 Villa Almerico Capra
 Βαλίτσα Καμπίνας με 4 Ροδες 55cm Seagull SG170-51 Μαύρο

•••••

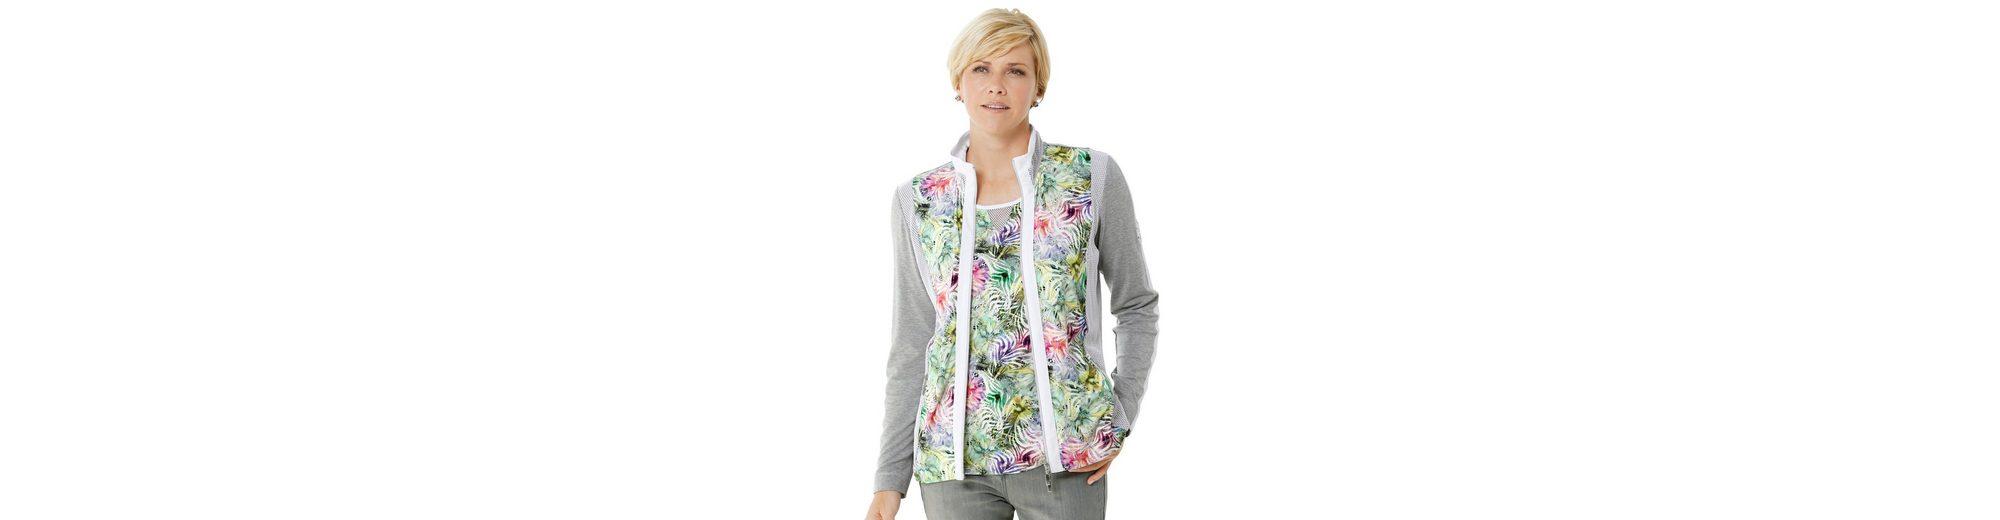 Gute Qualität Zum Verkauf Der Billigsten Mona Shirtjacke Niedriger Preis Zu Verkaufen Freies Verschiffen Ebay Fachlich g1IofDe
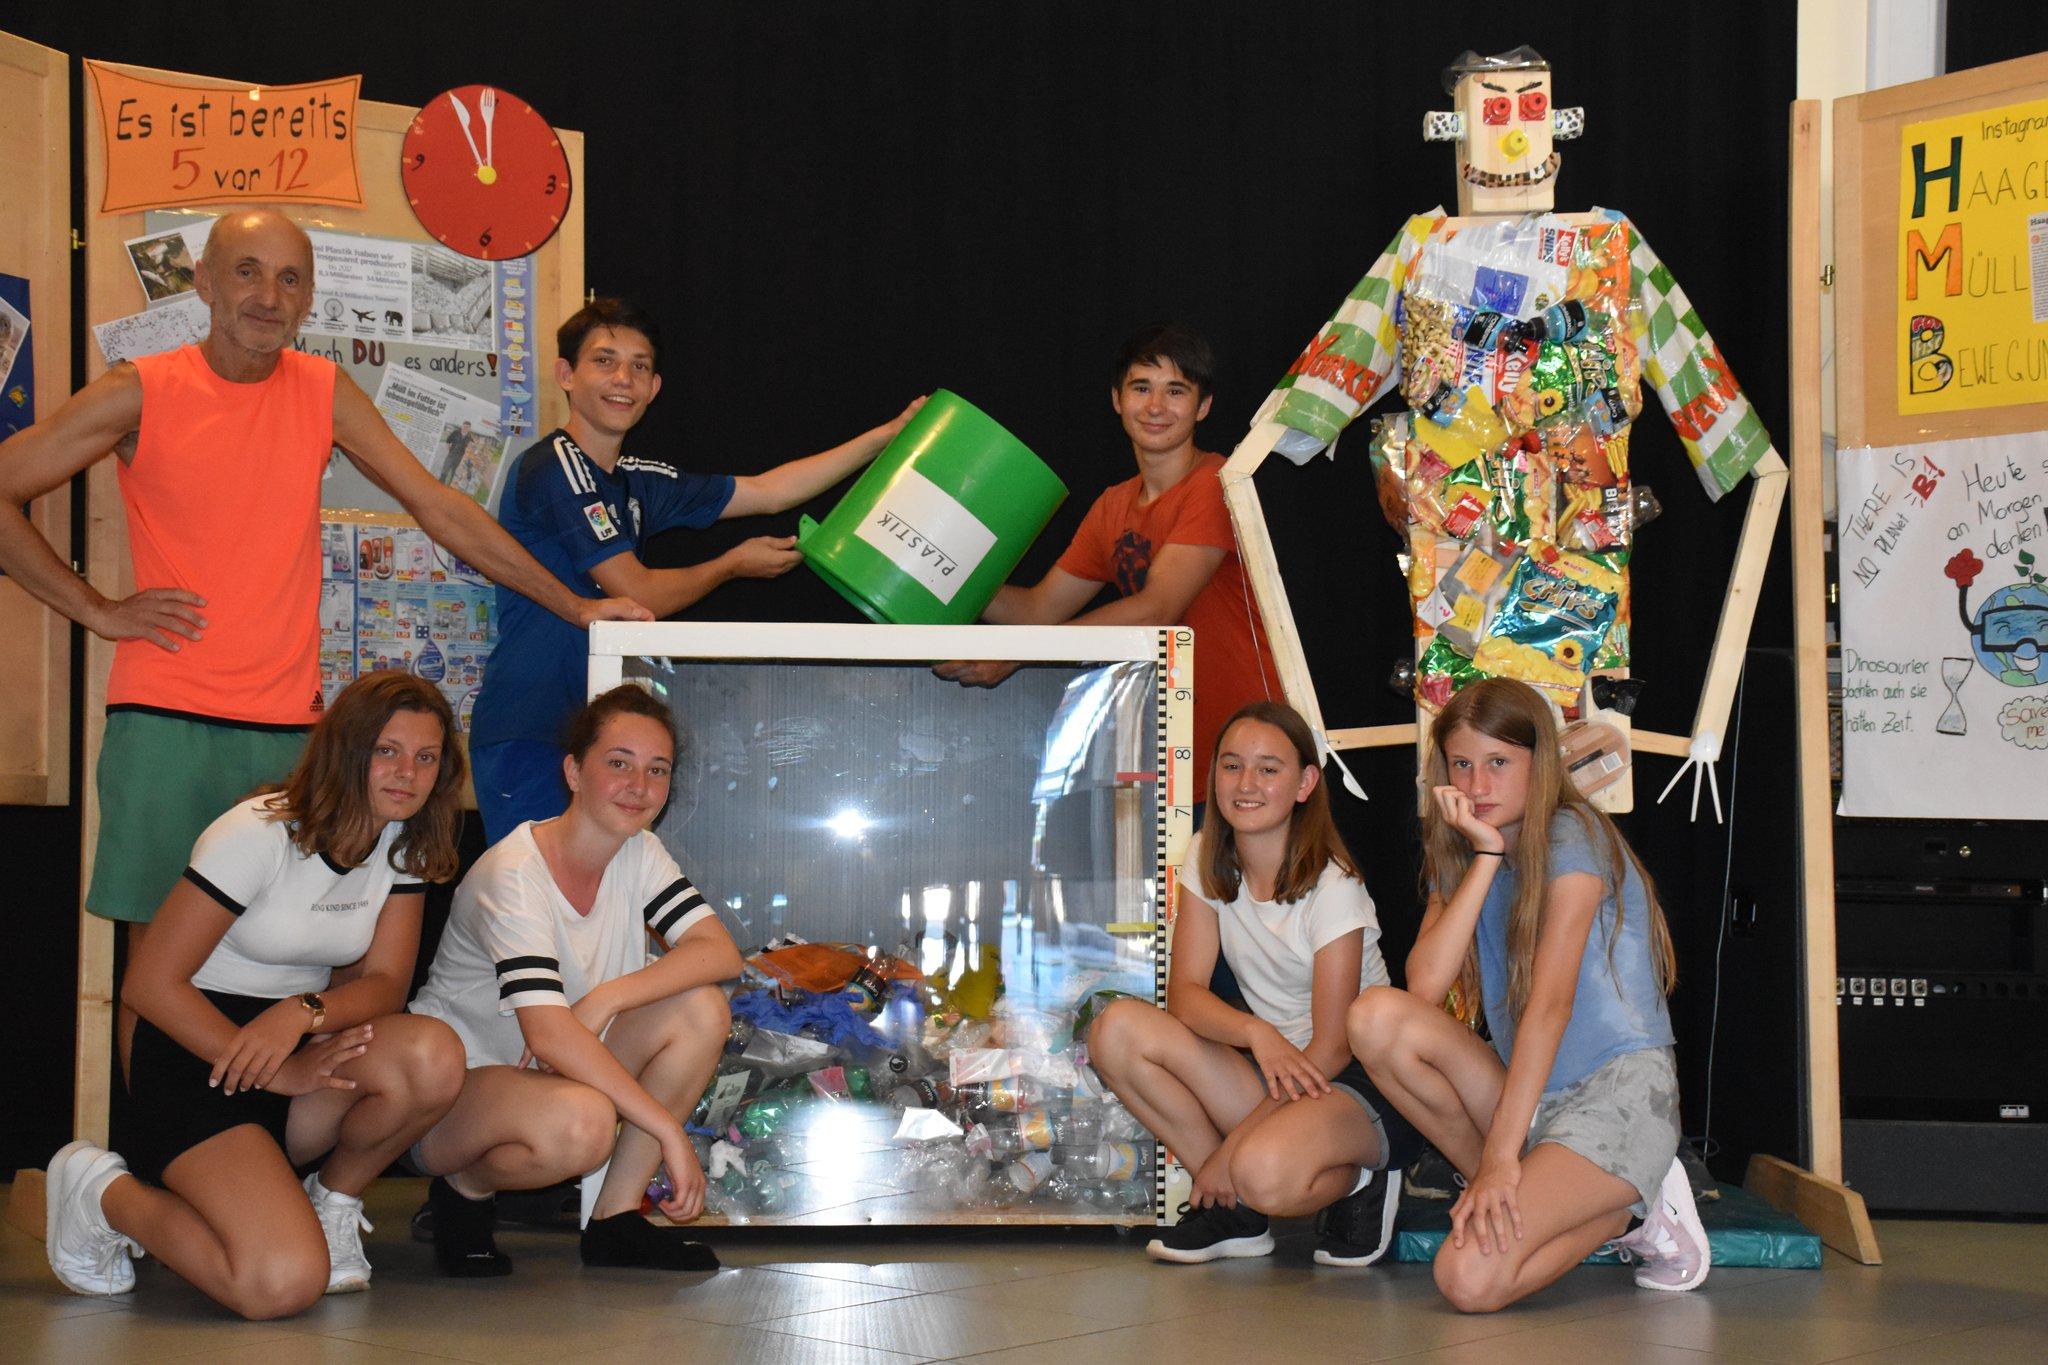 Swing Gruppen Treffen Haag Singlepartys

•••••

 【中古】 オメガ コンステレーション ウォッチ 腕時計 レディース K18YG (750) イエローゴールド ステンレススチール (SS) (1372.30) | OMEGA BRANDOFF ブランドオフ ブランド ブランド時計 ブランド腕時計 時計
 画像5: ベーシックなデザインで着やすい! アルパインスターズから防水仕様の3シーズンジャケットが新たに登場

•••••

→ **ACTION ITEM**
Set down, exactly as they stand above, the lines starting with the line with "Villa Almerico Capra" and going on through the line with "Βαλίτσα Καμπίνας με", and no others.

→ **EXERCISE OUTPUT**
 Villa Almerico Capra
 Βαλίτσα Καμπίνας με 4 Ροδες 55cm Seagull SG170-51 Μαύρο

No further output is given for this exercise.